A DRAM error occurs when the DRAM exhibits abnormal behavior, resulting in one or more bits being read differently from their written values. Modern DRAM implementations utilize Error correction code (ECC) to safeguard against DRAM errors.

Memory Access and RAS: The figure below depicts the transmission process of x4 DRAM Double Data Rate 4 (DDR4) chips via DQs. Upon initiating a data request, 8 beats—each consisting of 72 bits (64 data bits and 8 ECC bits)—are transferred to the memory controller via DQ wires. By implementing contemporary ECC, the 72-bit data are distributed across 18 DRAM chips, enabling the memory controller to detect and correct errors, as shown in the figure below. Note that ECC checking bits' addresses are decoded to locate specific errors in DQs and beats. Subsequently, all logs, including error detection and correction, events, and memory specifications, are archived in the Baseboard Management Controller (BMC), as illustrated in the figure below. Utilizing memory failure prediction allows for the anticipation of failures and the activation of corresponding mitigation techniques based on specific use cases.

Our goal is to predict whether each DRAM will experience an Uncorrectable Error (UE) failure within the next \( k \) day. Thus, the problem is formulated as a binary classification problem.

The evaluation protocol, as illustrated in the figure below, is designed based on production requirements. Specifically, at the current time \( t \), an algorithm observes historical data from an observation window \( \Delta t_d \) to predict failures within the prediction interval \([t + \Delta t_l, t + \Delta t_l + \Delta t_p]\). Here, \( \Delta t_l \) is the minimum time interval between the prediction (i.e., lead time) and the failure, and \( \Delta t_p \) denotes the prediction interval. For this competition, \( \Delta t_l \) is set to 15 minutes, and \( \Delta t_p \) is set to 7 days.

For evaluation, the lead prediction window is fixed to 15 minutes (\( \Delta t_l \)), and the prediction window is set to 7 days (\( \Delta t_p \)). However, participants are free to explore the observation window and labeling methods for training.

To evaluate the performance of participant solutions, we use the \( F1 \) score, which balances both precision and recall. The \( F1 \) score is calculated as: \[ F1 = 2 \cdot \frac{\text{Precision} \cdot \text{Recall}}{\text{Precision} + \text{Recall}} \]

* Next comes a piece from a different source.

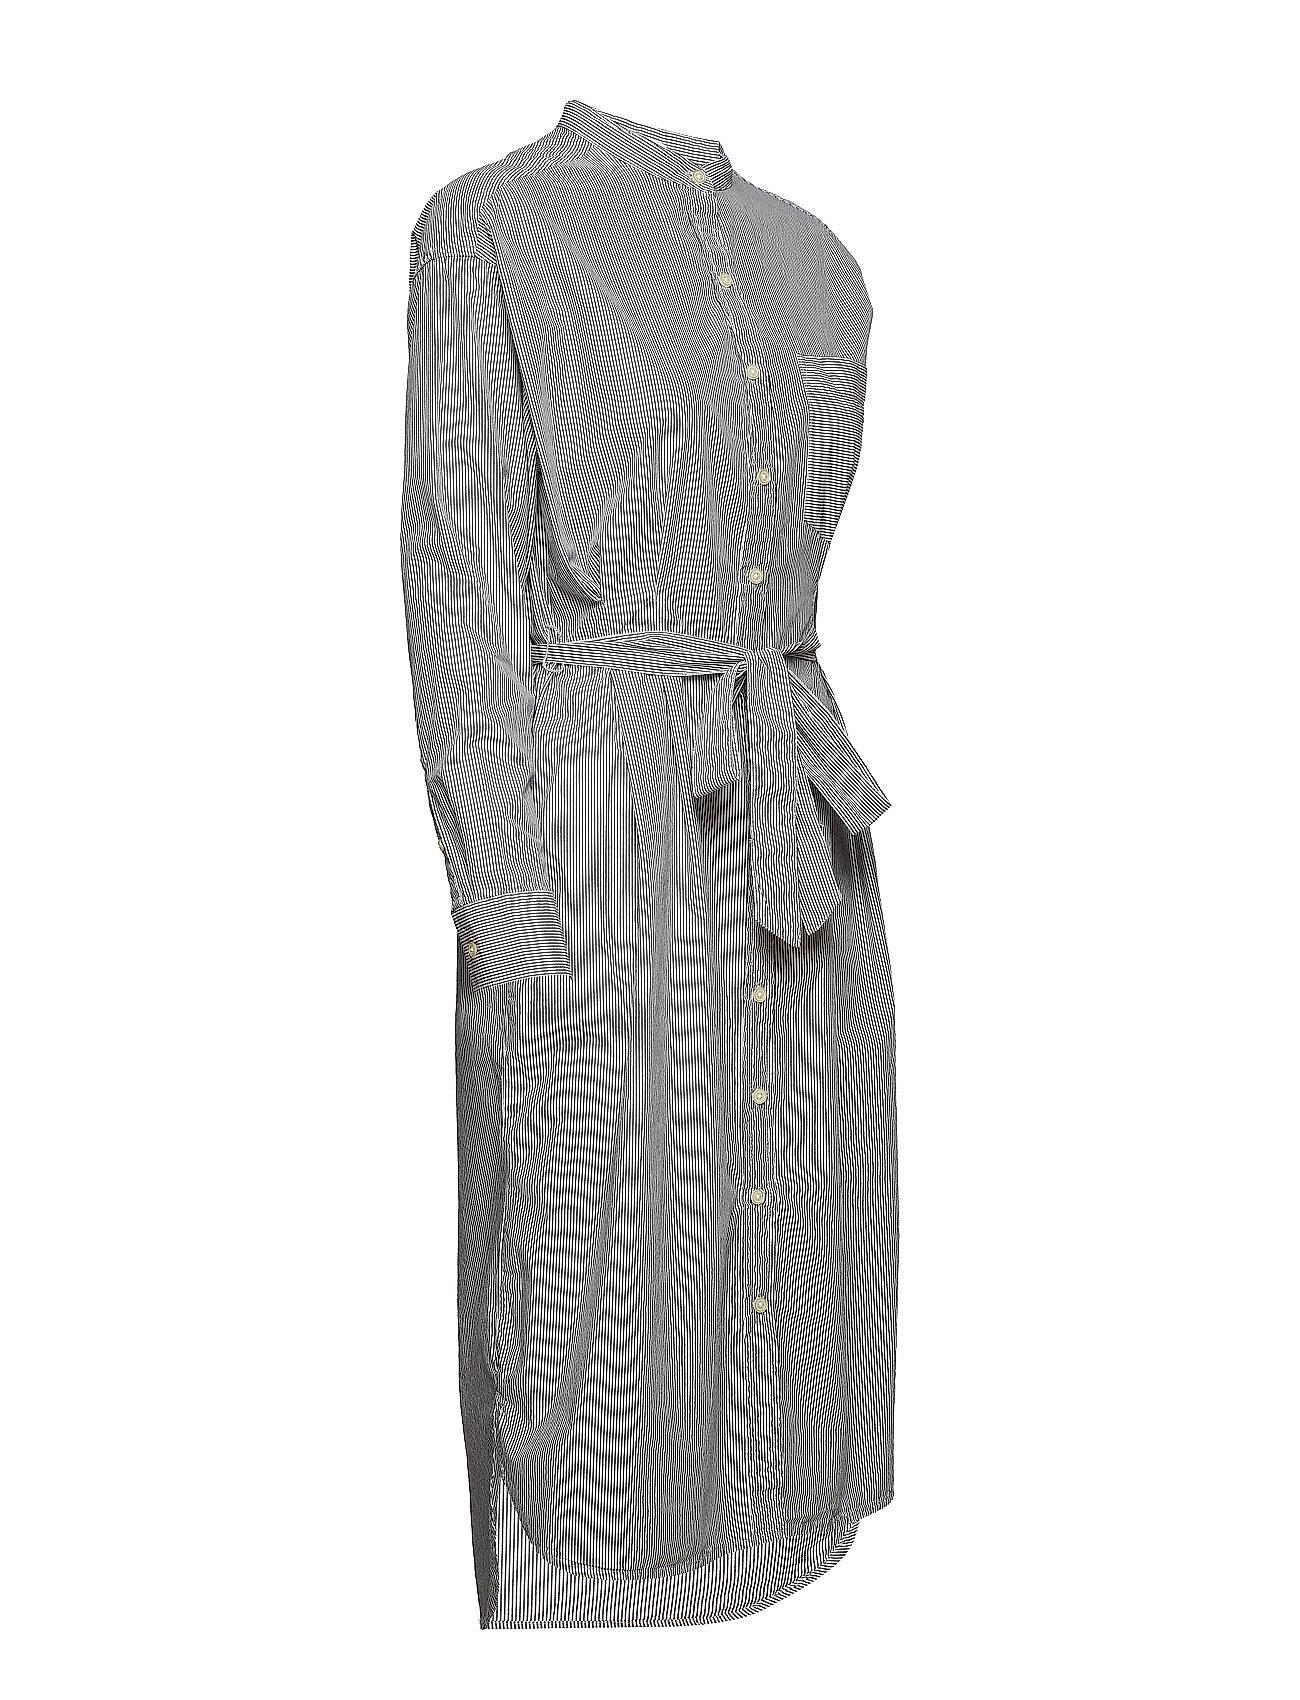 GAP    Perfect Long Sleeve Tie-Belt Shirtdress  - Kleider    BLACK/WHITE STRP - J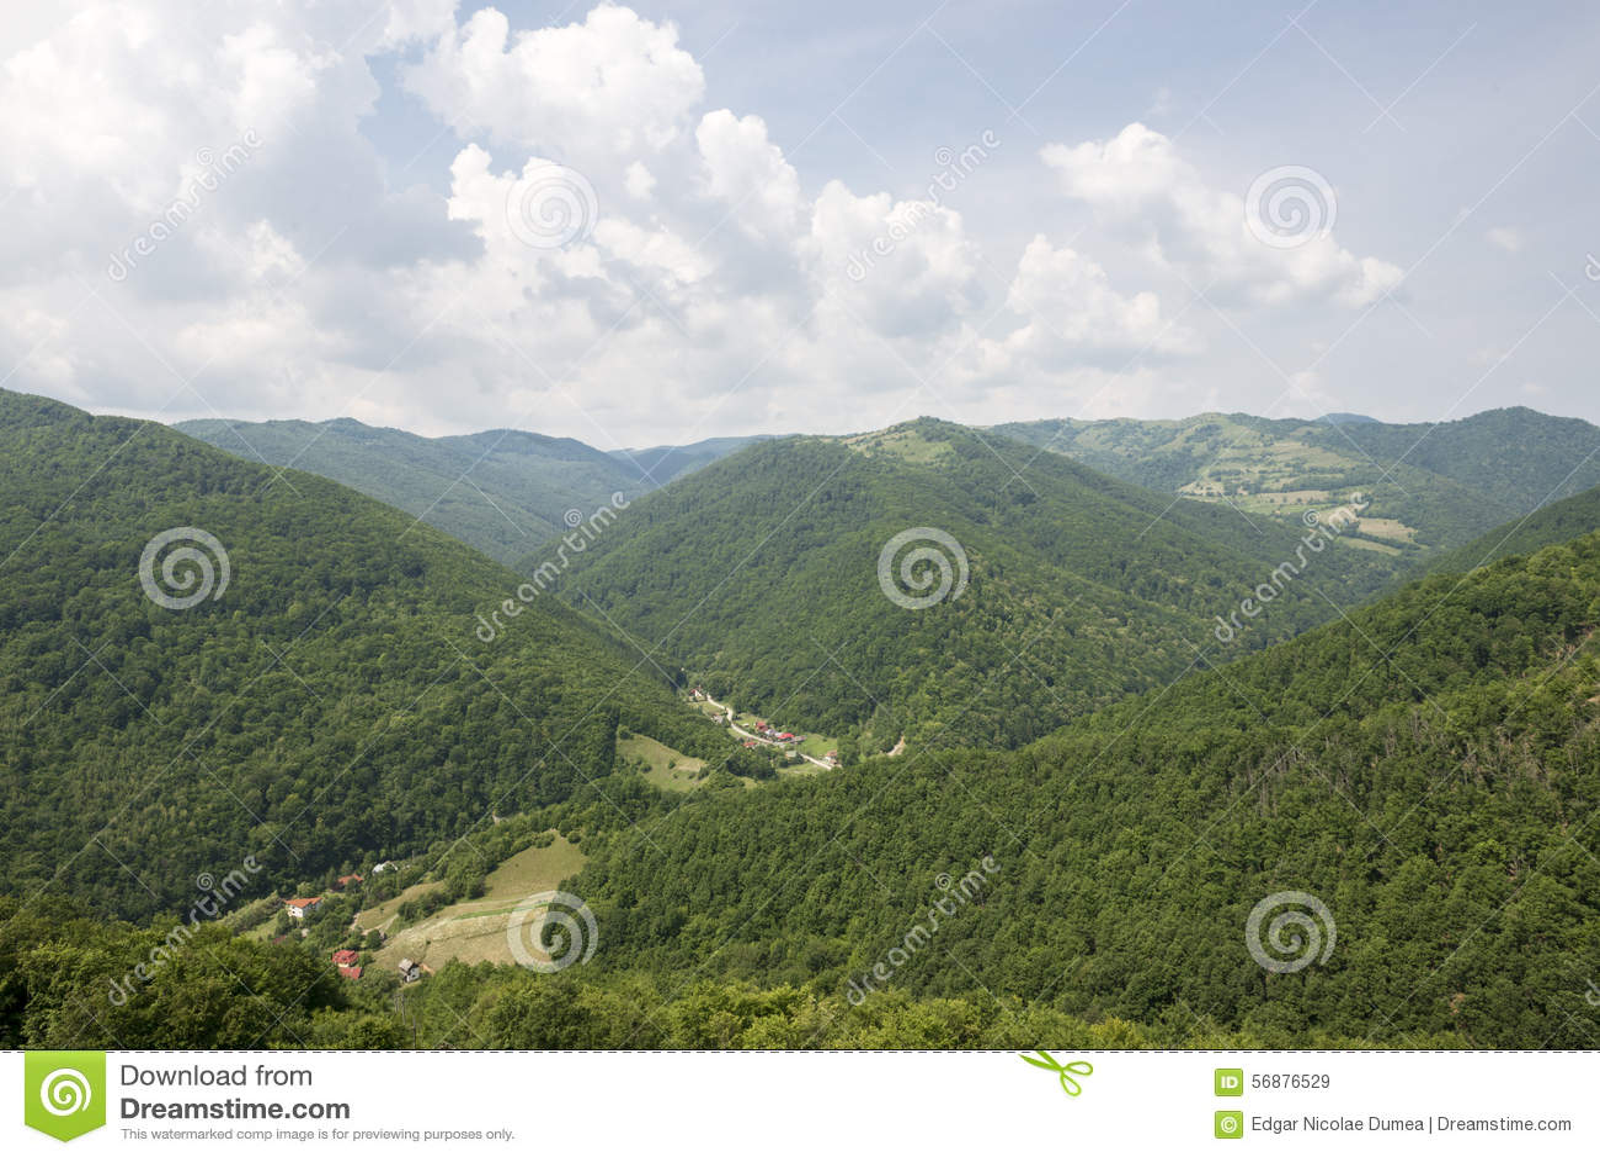 Camere in una valle verde

Precision and Recall are defined as: \[ \text{Precision} = \frac{TP}{TP + FP} \] \[ \text{Recall} = \frac{TP}{TP + FN} \]

The terms used in the formulas are defined as follows:

• True Positive (TP): A correctly predicted failure within the prediction window \([t + \Delta t_l, t + \Delta t_l + \Delta t_p]\).
• False Positive (FP): An incorrect prediction of a failure.
• False Negative (FN): A failure without a prior alarm.
• True Negative (TN): No failures are predicted or occur.